Blog

  • More time…

    I should perhaps have given the Codeine and brufen and ‘mol more time to work; by the time I got to the hospital i was debating returning straight home, but having forked out 7.50 for a taxi (I didn’t think I could bear a bus ride both ways) I felt kinda obliged. Not broken, very swollen was the answer.

    The Codeine plus bus plus taxi has left me feeling pretty attrocious though. Although I saw tons of Slough I’d never seen before (that’s got to be the most indirect bus route ever) and also found a very ratty looking BMW Isetta sat on a driveway (careful john). Anyhow, I’m letting myself have the rest of the day off anyway (most ‘cos I promised Kathryn (and I can’t hold anything properly, and I feel really quite sick))… so, yes.

    I have spent some time taking photos of the 1963 paper I found in the wall of the now gone bathroom… It’s far too degraded to keep, but it’s got a few interesting ads. It’s a Daily Mirror, by the way.

  • Ah, yummy codeine

    So, I got lots done yesterday; I headed to B&Q early and en-route I found someone who’d demolished a wall; thereby sourcing a lot of bricks, possibly even enough to do the path. he was quite happy for me to grab them, along with an old brabantia-style bin – which is somewhat of an improvement on the grey plastic one with no lid we’ve been using. So, I turned round, headed home and took the car over to B&Q so I could get a wheelbarrow.

    Having made about 4 or 5 wheelbarrow trips I’d got certainly the majority of the whole bricks. They, incidentally weighed quite a lot. Then I painted the woodwork upstairs which is prep for tiling that last few feet (probably 5 sq foot or so) and started work on the bathroom wall. Now, it started well, and I managed to get the majority of it down without incident. But there was one bitty little incident near the end. Hence the codeine.
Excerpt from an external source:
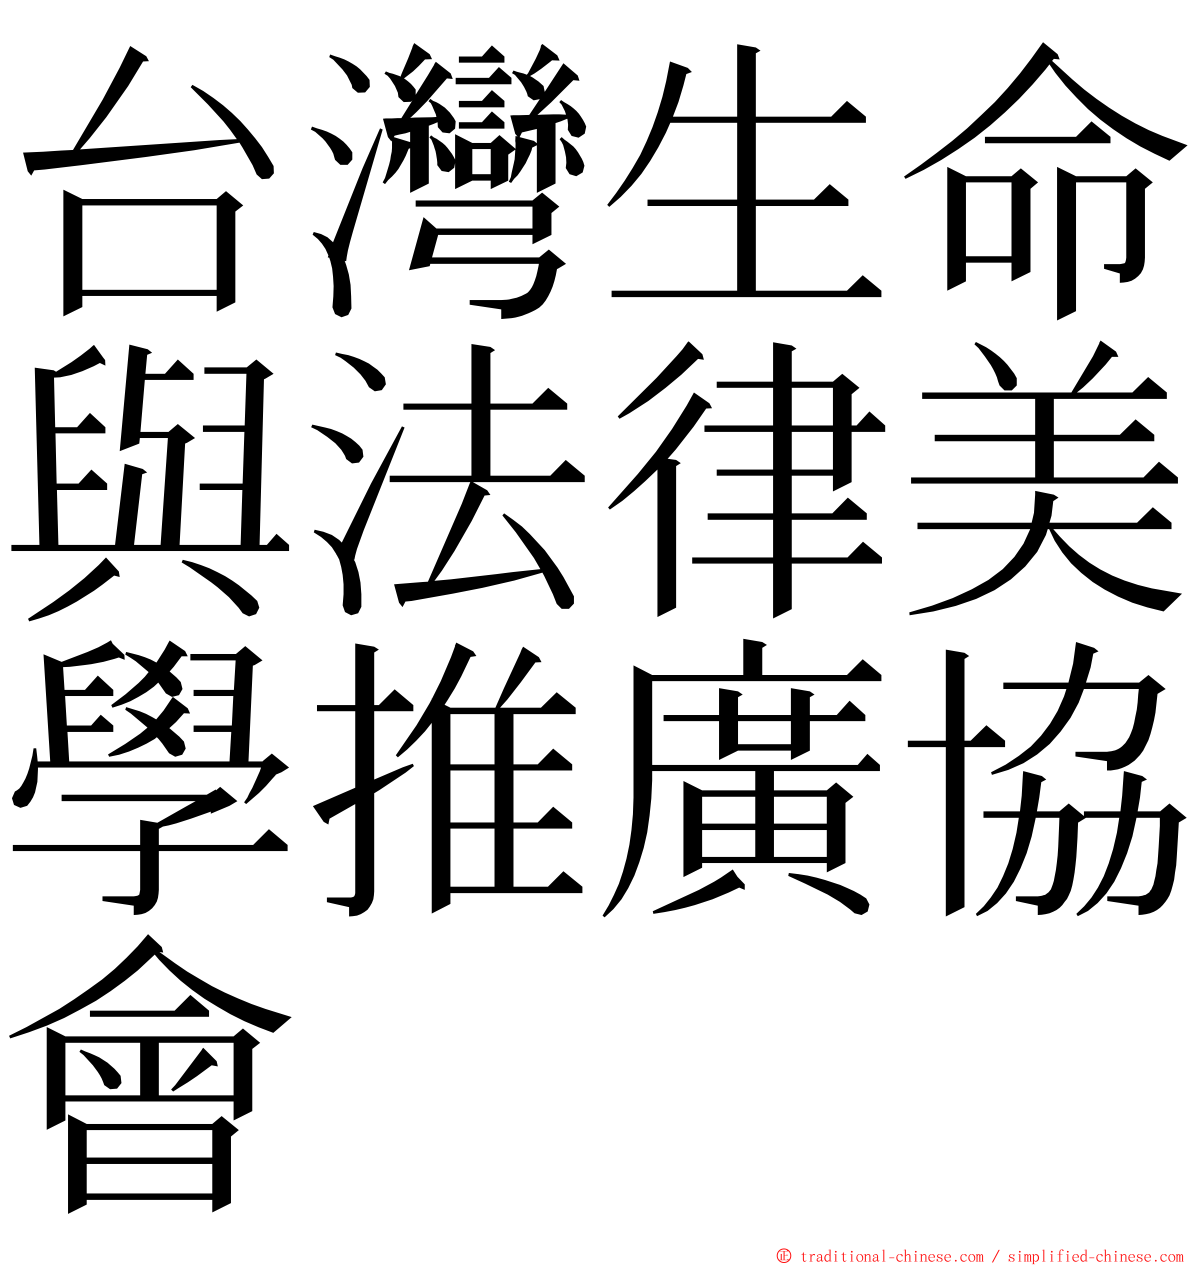 台灣生命與法律美學推廣協會 ming font

    In the process of removing the door-frame from the old bathroom I slipped applying pretty much all of the force I can muster to the act of smacking my hand against a thin sharp piece of plaster. I cut my hand, surprisingly perhaaps not enough to need stitches; but it’s the pain that’s a killer. Enough that I’ve been debating getting it X-rayed today. I’ve buddy/neighbour strapped my two fingers, and taken codeine+paracetamol (CoCodamol) and Ibrufen. I took that about half an hour ago. Having looked, I now am wondering if the knuckle is slightly depressed (all nurses are hypochondriacs), so I might get showered and head over to the hospital. That and I’d’ve expected some relief from the analgesia, not much (it’s a bit quick for that), but some. Arse.

  • Voila, Spam

    So, I decided to kill time watching ‘Fatherland’; for those of you who don’t know, Fatherland is an excellent novel which is set in a future in which Hitler won the second world war; continued extermination of the Jewish people, and in which America has a right wing president, and the Soviet Union continues to fight the might of the new German empire.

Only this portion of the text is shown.